I really can’t deny it anymore, because I am so well moved that I have started working again. Le sigh. I managed to get some time off between moving and working, mainly due to Beau also being at home for a few days. It was pretty much awesome to be hanging out with him.

It’s funny, because in some ways, I’ve moved to end up back in the same place. I’m back working in the same place I was at and back in the same house I was in. We’re even back in the same bedroom we were in before. There are definite changes though. For one thing, the house is now my and Beau’s house, whereas before it was my and Muggle’s house and our flat, I guess. There is still stuff we want to do around the house, eg electrician still needs to come and do a bunch of rewiring (and repair our oven), builder still needs to come and fix up the kitchen ceiling, insulation needs to be sourced and sorted, and I personally need to do some potting and planting (garlic, strawberries and orangeberries).
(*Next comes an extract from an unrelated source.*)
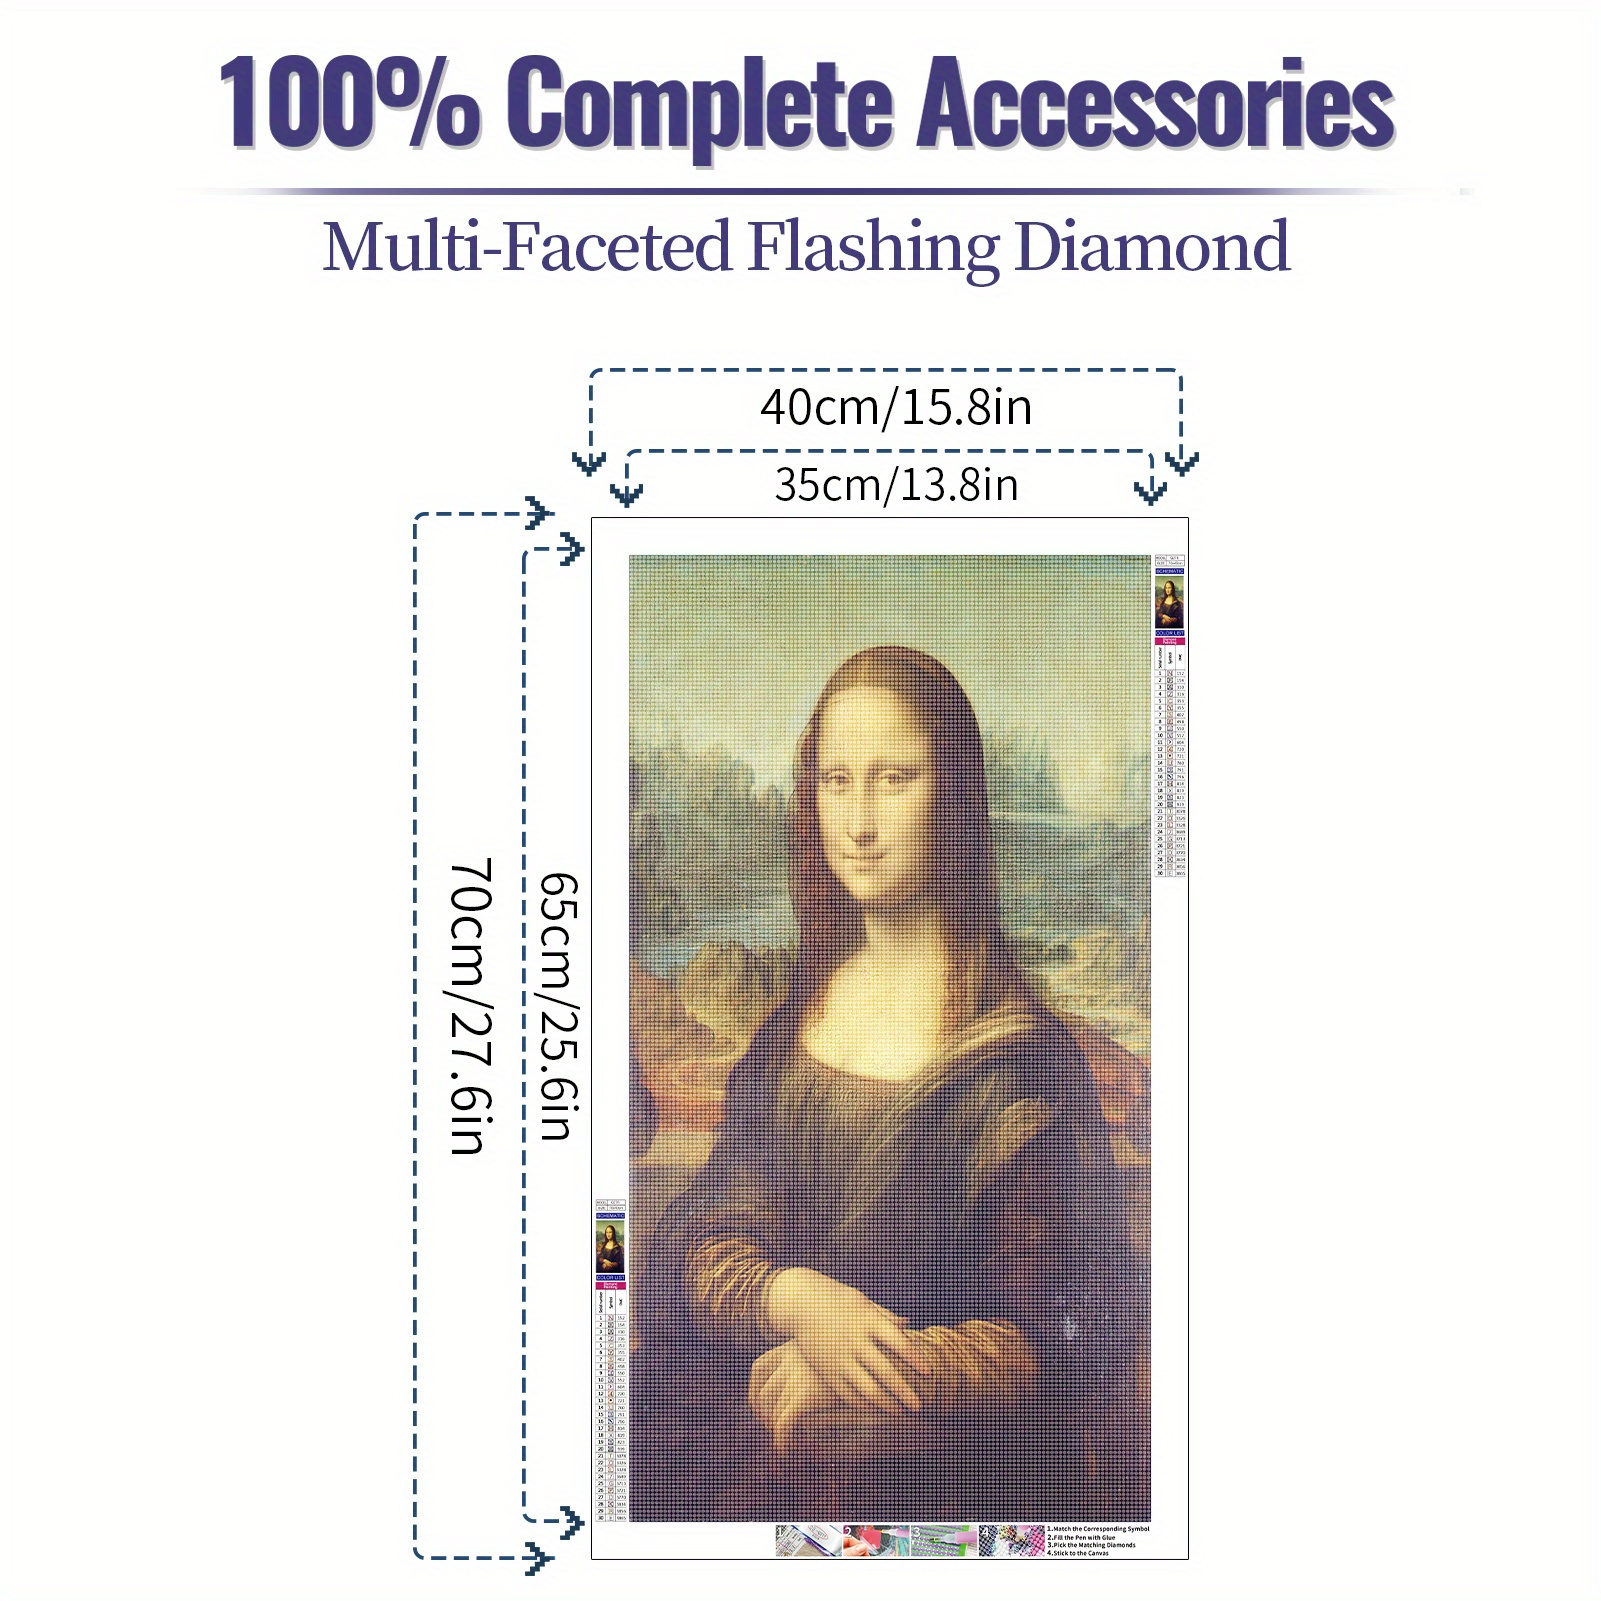 Diamond Painting Kits for Adults Mona Lisa ,5D Diamond Art Kits
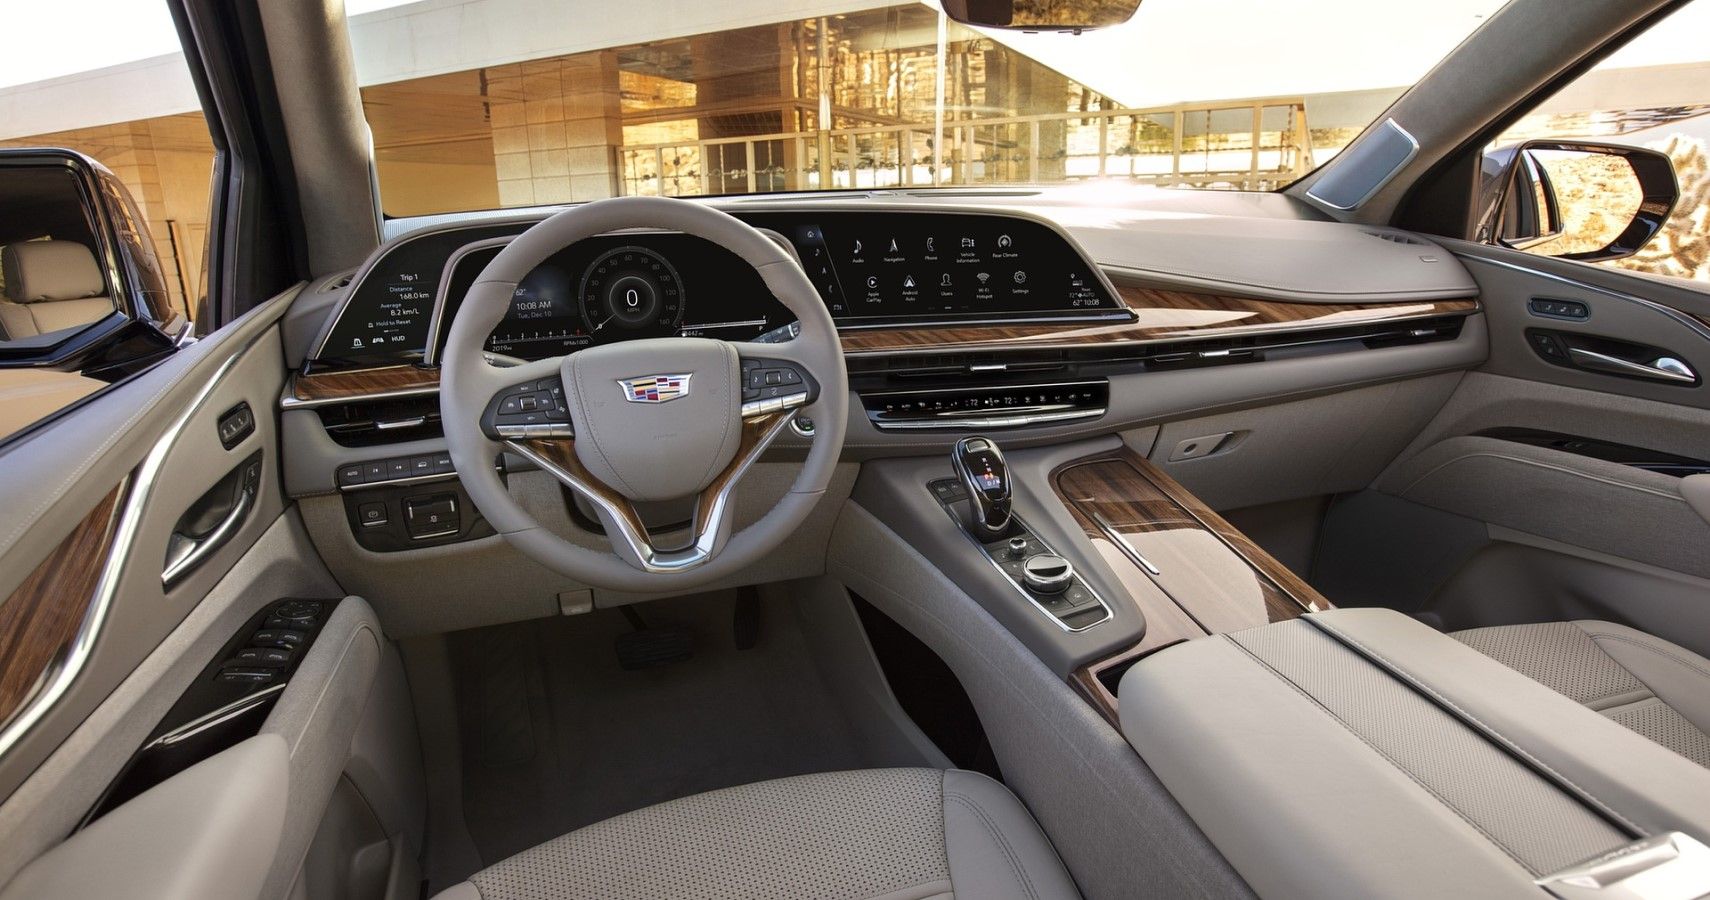 2021 Cadillac Escalade interior dashboard layout view

I do think though, that when you come into our house, you feel the difference between it now, being owned and lived in by a couple versus to then, when it was owned and lived in by sisters (plus various friends and lovers). It’s nice that there is a definite difference.

I’m back at work, but this time I’m not planning to save and then stop work to go overseas. I’m planning to save and then stop work to have a baby. Being pregnant is a pretty big change and getting bigger each day, it feels like. It’s quite fun going back to the old work place. There is some new staff and many new students, but enough remember me (and fondly) that I feel really welcome. In some ways I feel sorry for the “new” staff. Who *is* this person who has come waltzing in and seems to know everyone? But then, I’m used to being that person after going away to Uni and coming back to hang out with my highschool friends. Various “new” friends have commented on the oddness of it.

Anyhoo, I guess we should probably have a house warming sometime, especially while it is so cold. It’s just, we’ve spent so much time tidying the place up, I don’t really want a large group of people coming and messing it up (I have a big hate against finding beer bottle caps tucked around the place later on). I’m sure I’ll get over it soon. Maybe when I’ve managed to get a sewing desk and tidied up the spare room. Still weeks away no doubt.
Oh yeah, and I have a new blog. It’s like the old blog, but you know, new 🙂

Point of Fashion: Comfy, Comfy work pants
Current Obsession: Being warm, did I mention I got a new duvet? So good.